State v. Daryl J. Teska, 2011AP1010-CR, District 2, 3/14/12
court of appeals decision (1-judge, not for publication); for Teska: John E. German; case activity
Teska was originally placed on probation, sentences withheld, on 3 counts; jail time as a condition of probation was ordered as to 1 count. Probation was later revoked and although all 3 of sentences were imposed concurrently, credit for the time spent in jail as a condition of probation was allocated only to that particular count. The court of appeals now rejects Teska’s argument that credit should have been awarded on the other 2 counts as well. Credit for time spent in custody must be factually connected to the course of conduct for which sentence is imposed; even though the counts involved similar conduct (leaving a voice mail, as compared with a text, message on the same date), credit requires that the conduct involve “the same specific acts,” State v. Tuescher, 226 Wis. 2d 465, 475, 595 N.W.2d 443 (Ct. App. 1999).
¶8 For custody credit to be granted, the days spent in custody must be factually, not just procedurally, connected to the course of conduct for which sentence was imposed. See State v.
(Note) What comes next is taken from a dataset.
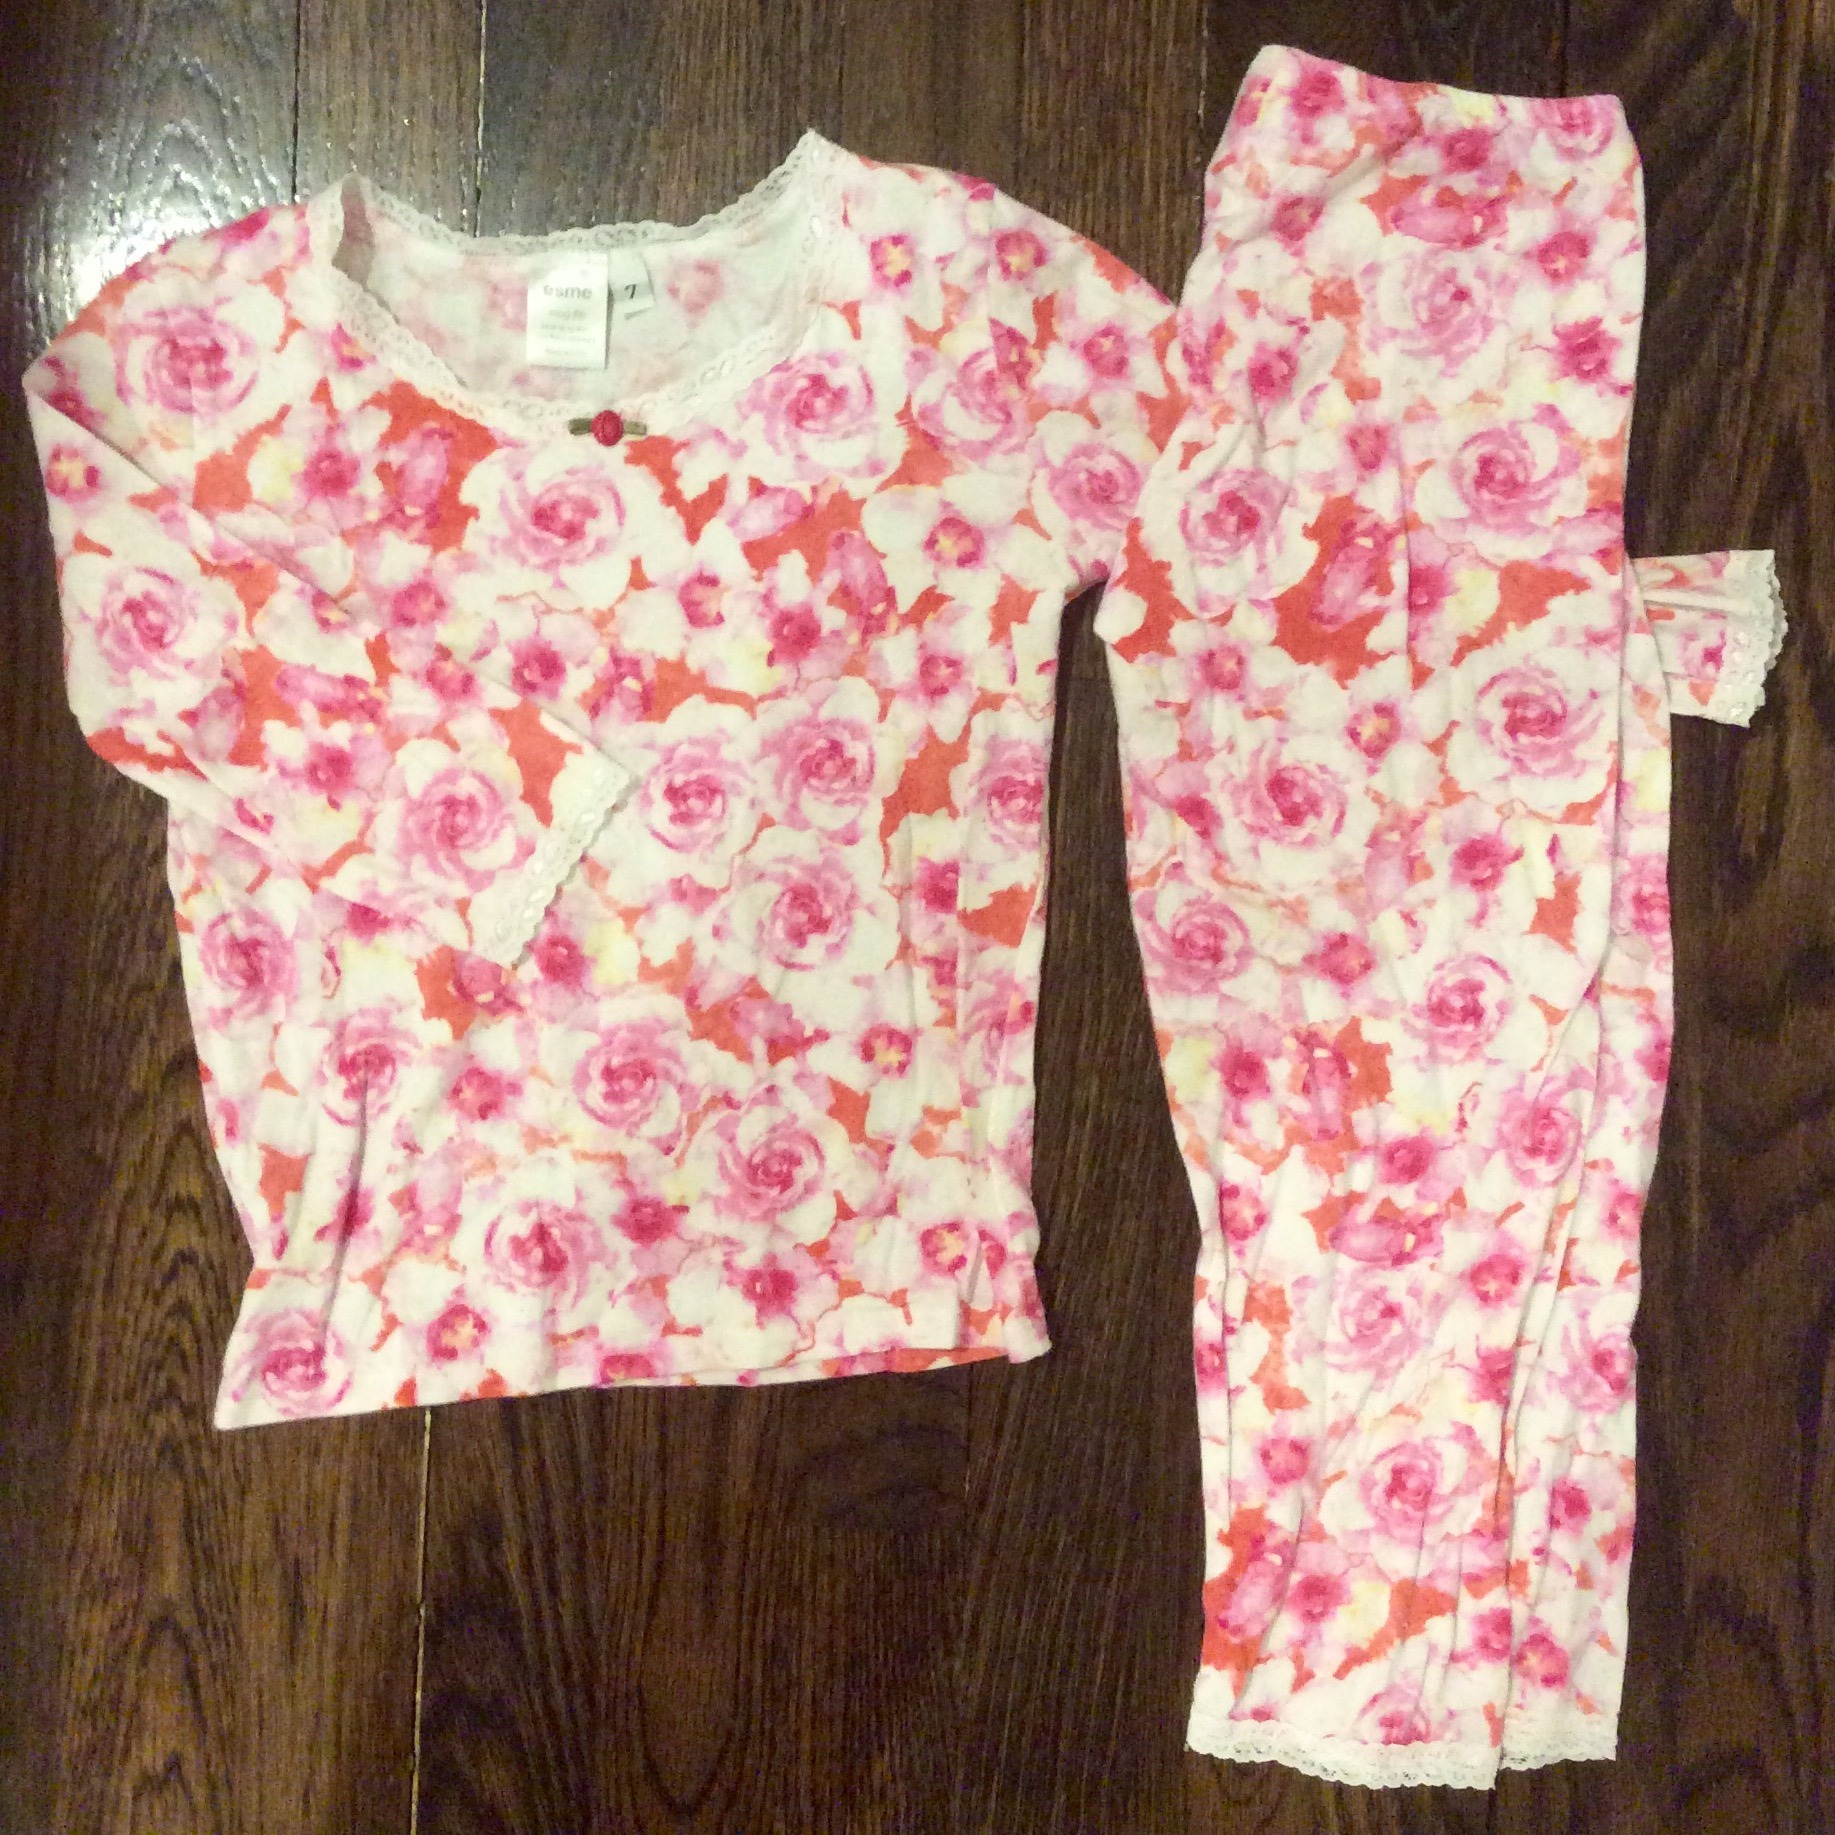 Esme-Size-7-Pink-Pajama_7685A.jpg

Johnson, 2009 WI 57, ¶33, 318 Wis. 2d 21, 767 N.W.2d 207. In this case, the six months of jail time Judge Kennedy ordered Teska to serve as a condition of probation was factually related only to the underlying course of conduct in count one of No. 2009CM340, sending a text message to the victim on June 29, 2009, in violation of the domestic abuse injunction in place at the time. Thus, the 83 days Teska served on that count alone, from the date he began serving the condition time, March 1, 2010, through the date the probation hold was put in place on all three counts, May 23, 2010, were only “in connection with” Teska sending that text message.
With all due respect, this decision makes no sense. The defendant is only entitled to sentence credit for time “spent in custody in connection with the course of conduct for which sentence was imposed.” s.973.155. It appears from the decision that each of the counts for which the defendant was placed on probation was factually part of the same course of conduct.
More importantly, however, I do not believe that Judge Kennedy had the authority to limit a jail condition to one of three concurrent probation terms. Under Wisconsin law, terms of probation must be concurrent. E.g. State v. Pierce, 117 Wis.2d 83, 342 N.W.2d 776 (Ct. App. 1983). The imposition of conditions (other than length) applicable only to one term of concurrent probation would seem to conflict with this requirement.
Finally, as a practical matter, the condition time was a condition of all three probationary terms even though specifically assigned only to one. If the defendant violated the terms of that one probationary term by failing to appear to serve the condition time, that failure would, as a practical matter, violate the terms of the other two probationary terms as well.